Step-by-step explanation:

1.f(x)=\frac{x^2+x-20}{x^2+4}

The denominator of f is defined for all real values of x

Therefore, the function is continuous on the set of real numbers

\lim_{x\rightarrow 5}\frac{x^2+x-20}{x^2+4}=\frac{25+5-20}{25+4}=\frac{10}{29}=0.345

3.h(x)=\frac{3x-5}{x^2-5x+7}

x^2-5x+7=0

It cannot be factorize .

Therefore, it has no real values for which it is not defined .

Hence, function h is defined for all real values.

\lim_{x\rightarrow 5}\frac{3x-5}{x^2-5x+7}=\frac{15-5}{25-25+7}=\frac{10}{7}=1.43

2.g(x)=\frac{x-17}{x^2+75}

The denominator of g is defined for all real values of x.

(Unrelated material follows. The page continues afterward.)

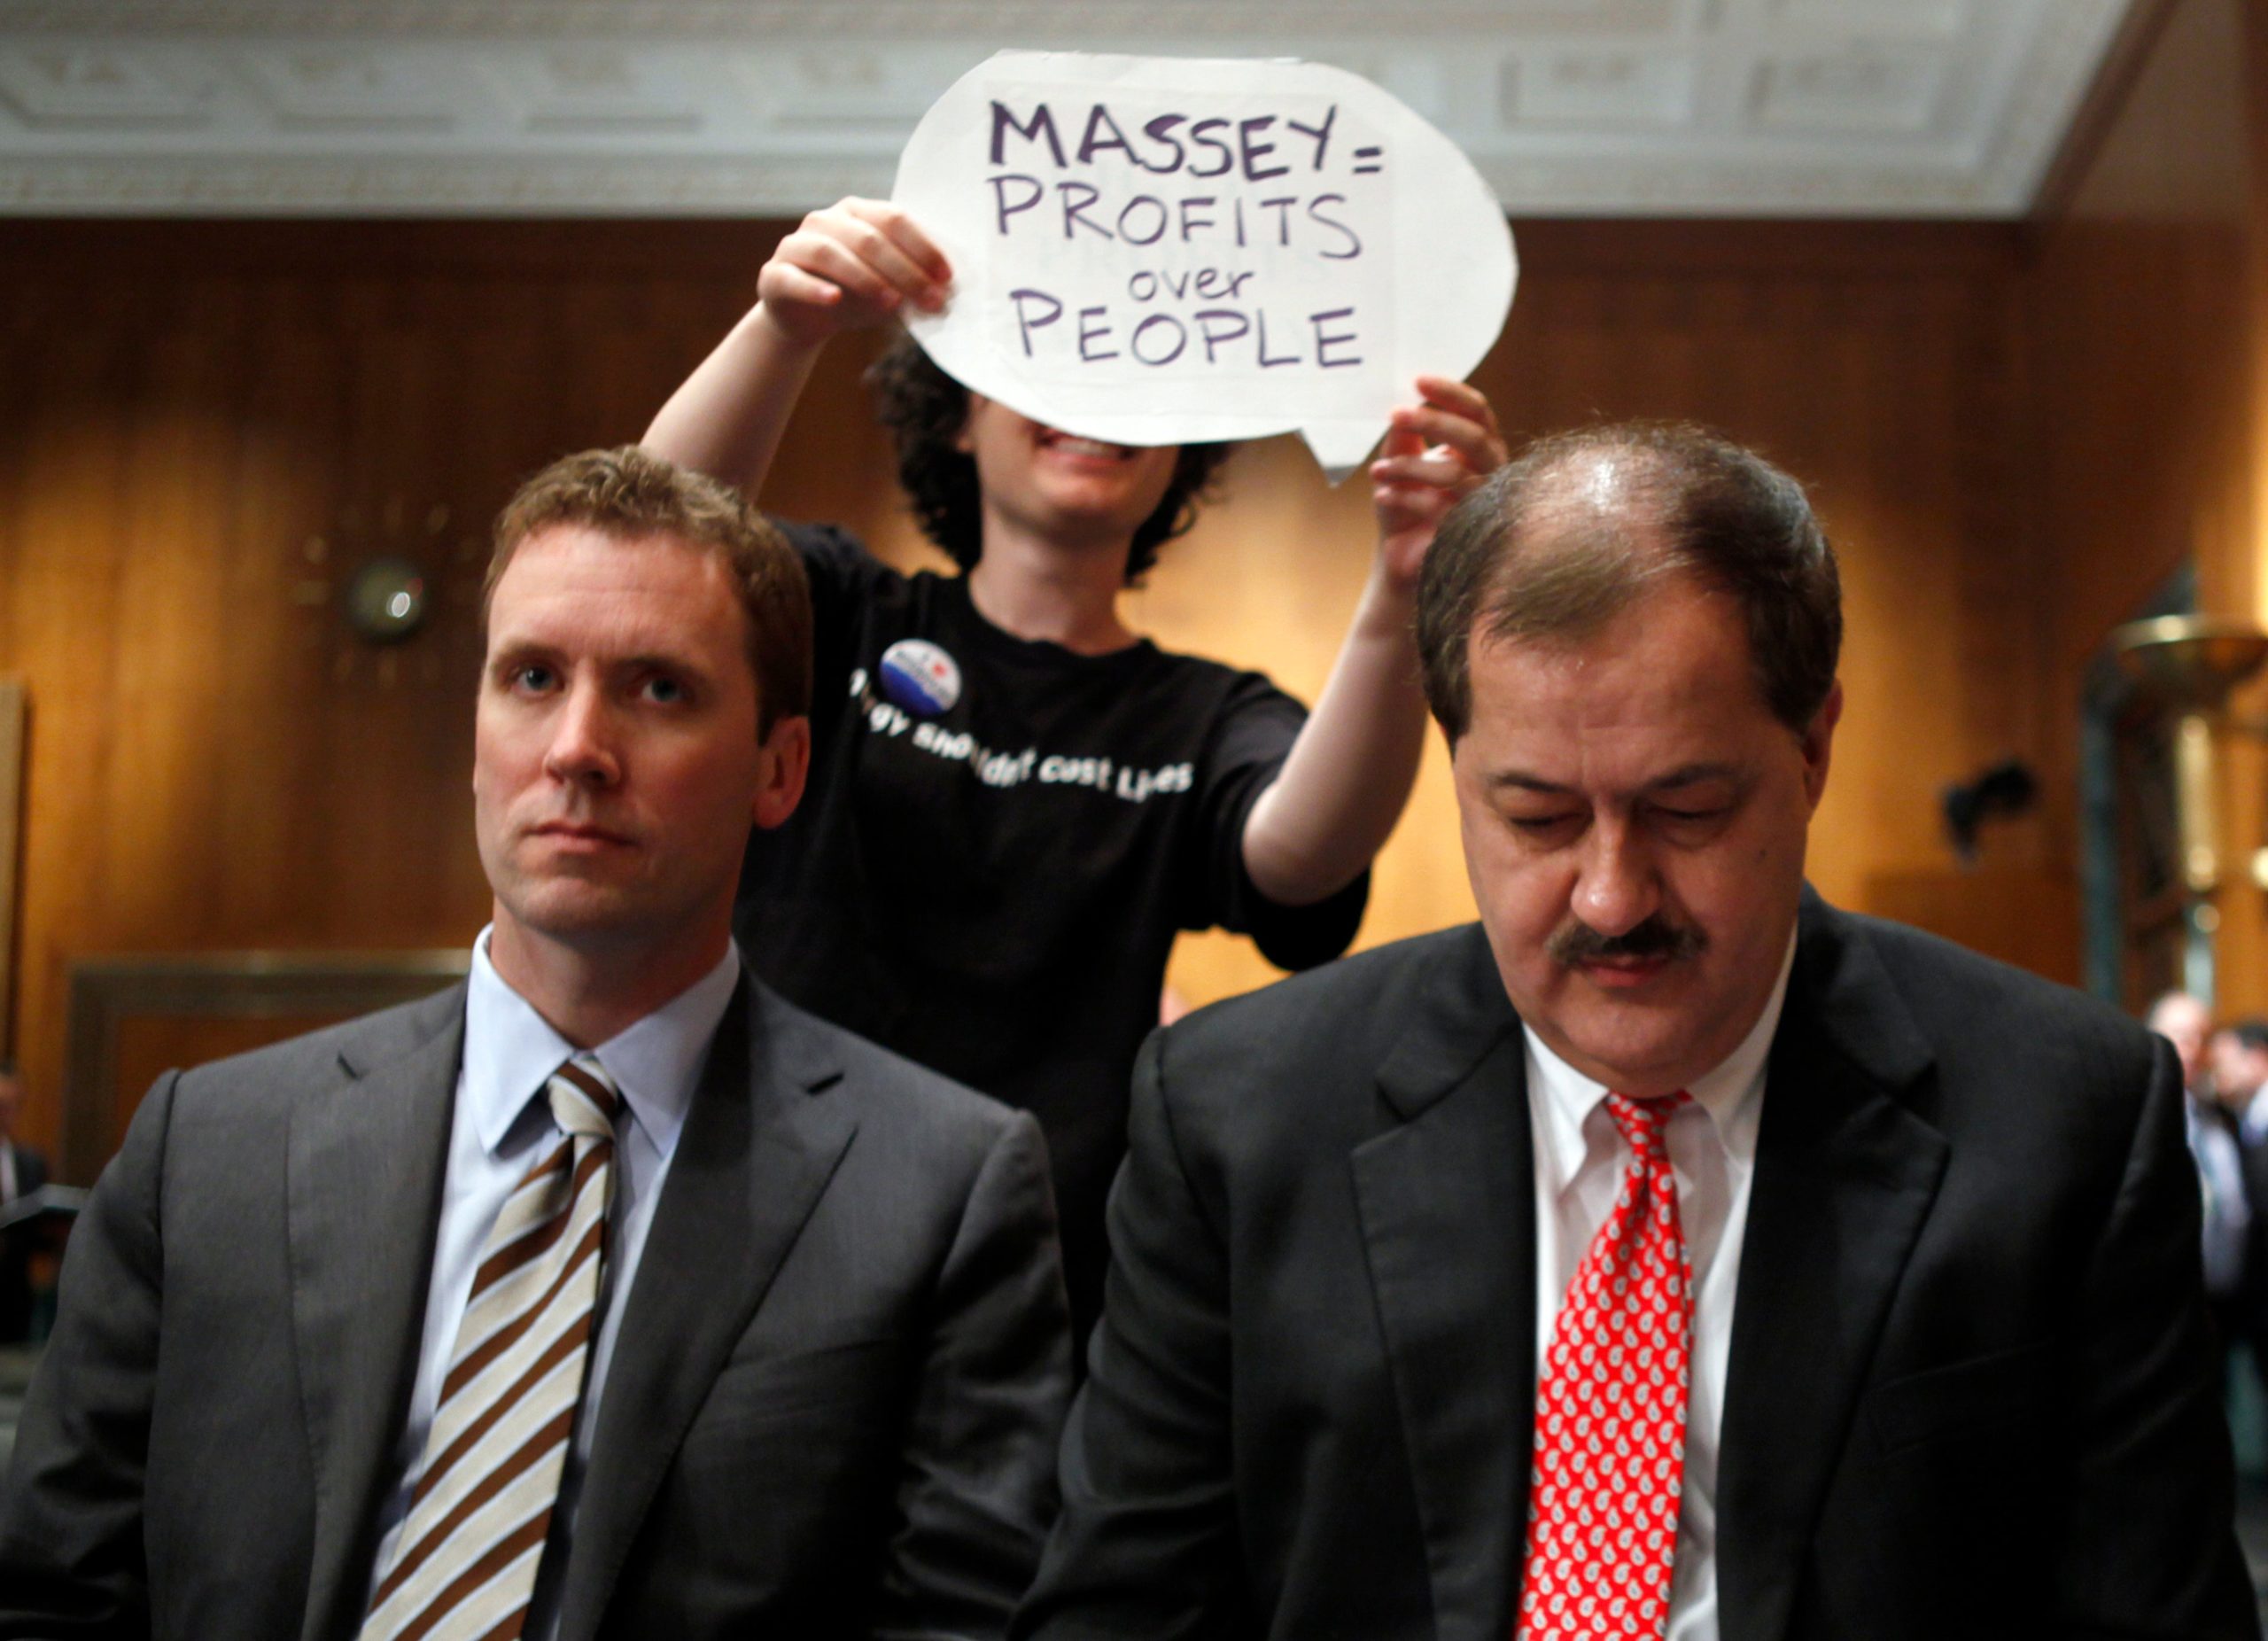 A protester holds a sign behind Vice President of Massey Energy Company and general council Shane Harvey, left, and Massey Energy Company Chief Executive Officer Don Blankenship as they wait to testify on Capitol Hill in Washington, Thursday, May 20, 2010. (Photo: Carolyn Kaster, AP)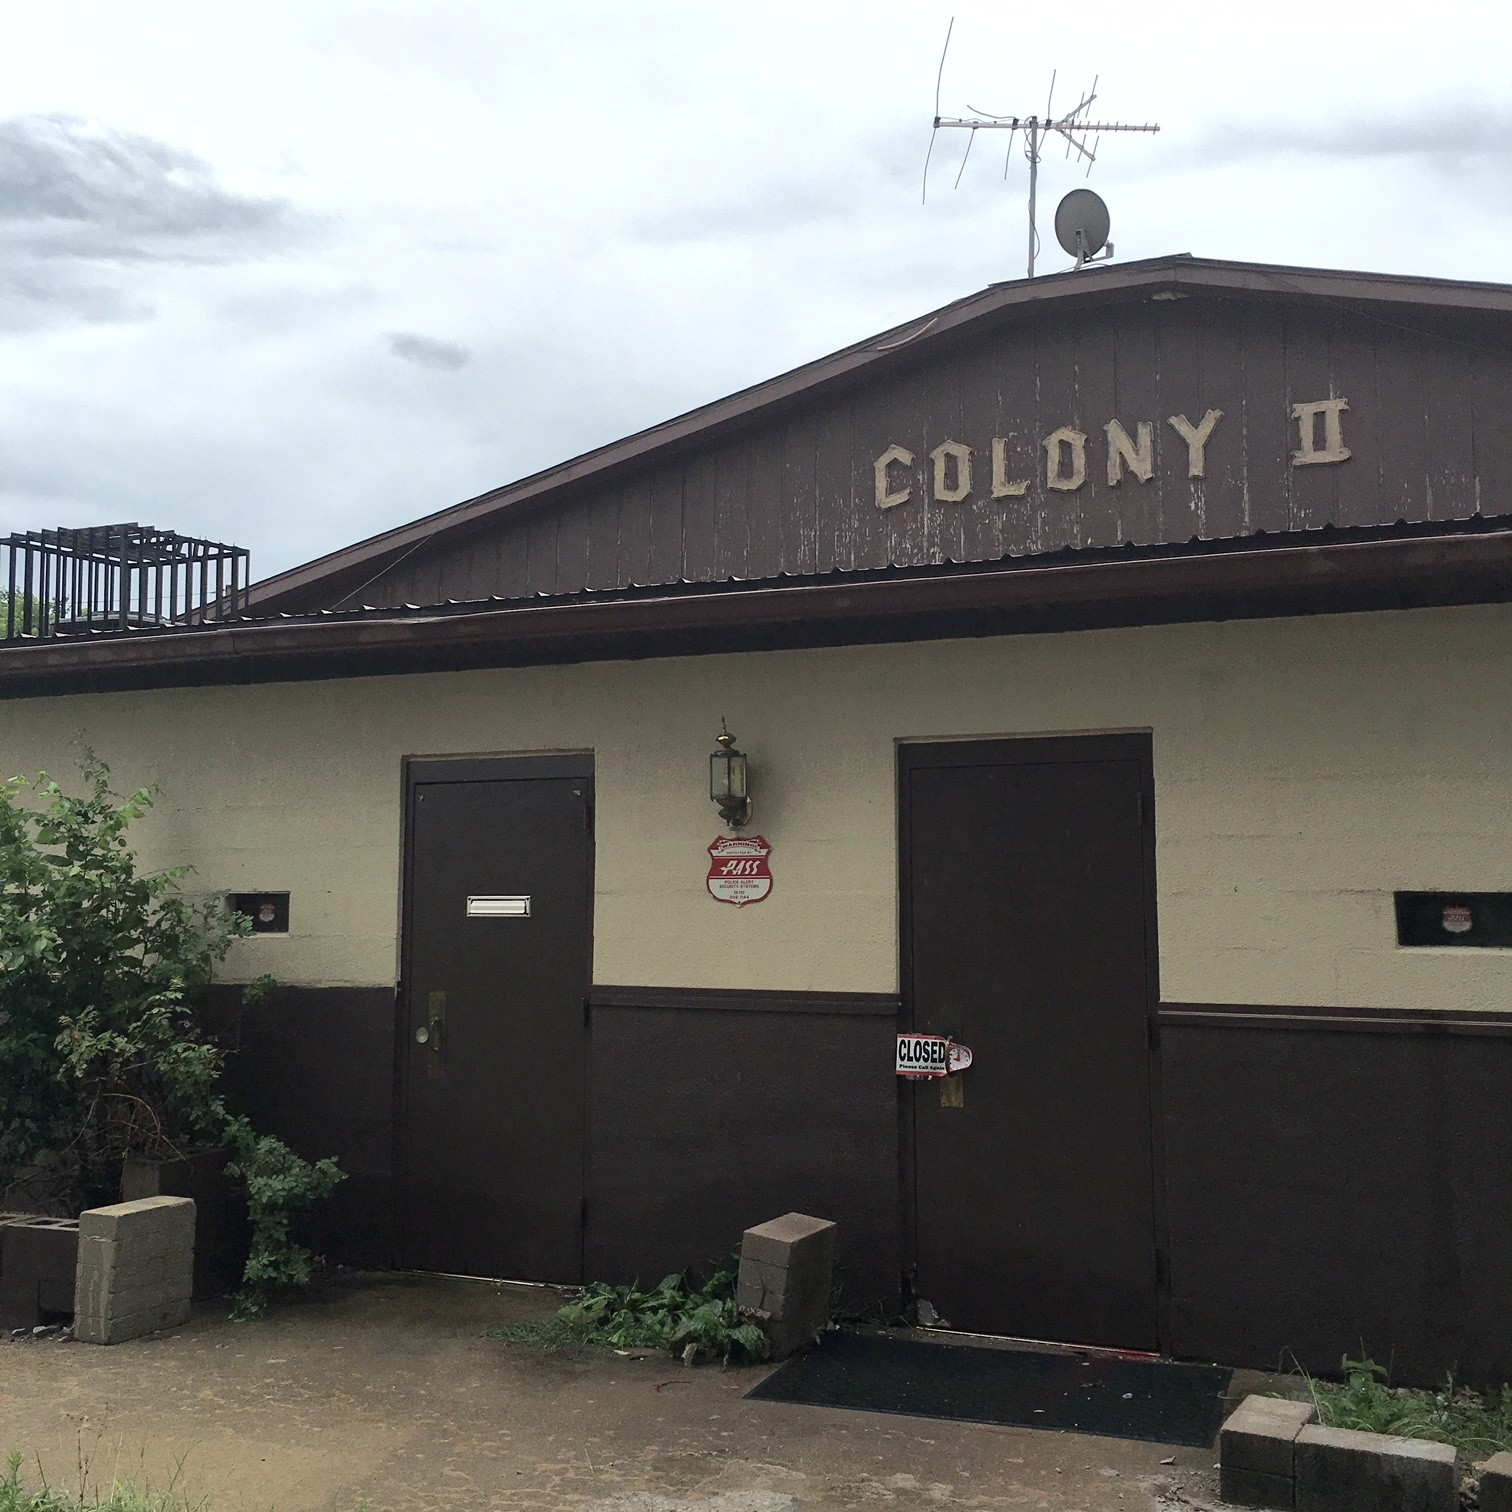 Goodbye to the Colony II, a Swinger/Adult Film Hub in East St

Therefore, the function g is continuous on the set of real numbers

\lim_{x\rightarrow 5}\frac{x-17}{x^2+75}=\frac{5-17}{25+75}=\frac{-12}{100}=-0.12

4.i(x)=\frac{x^2-9}{x-9}

x-9=0

x=9

The function i is not defined for x=9

Therefore, the function i is  not continuous on the set of real numbers.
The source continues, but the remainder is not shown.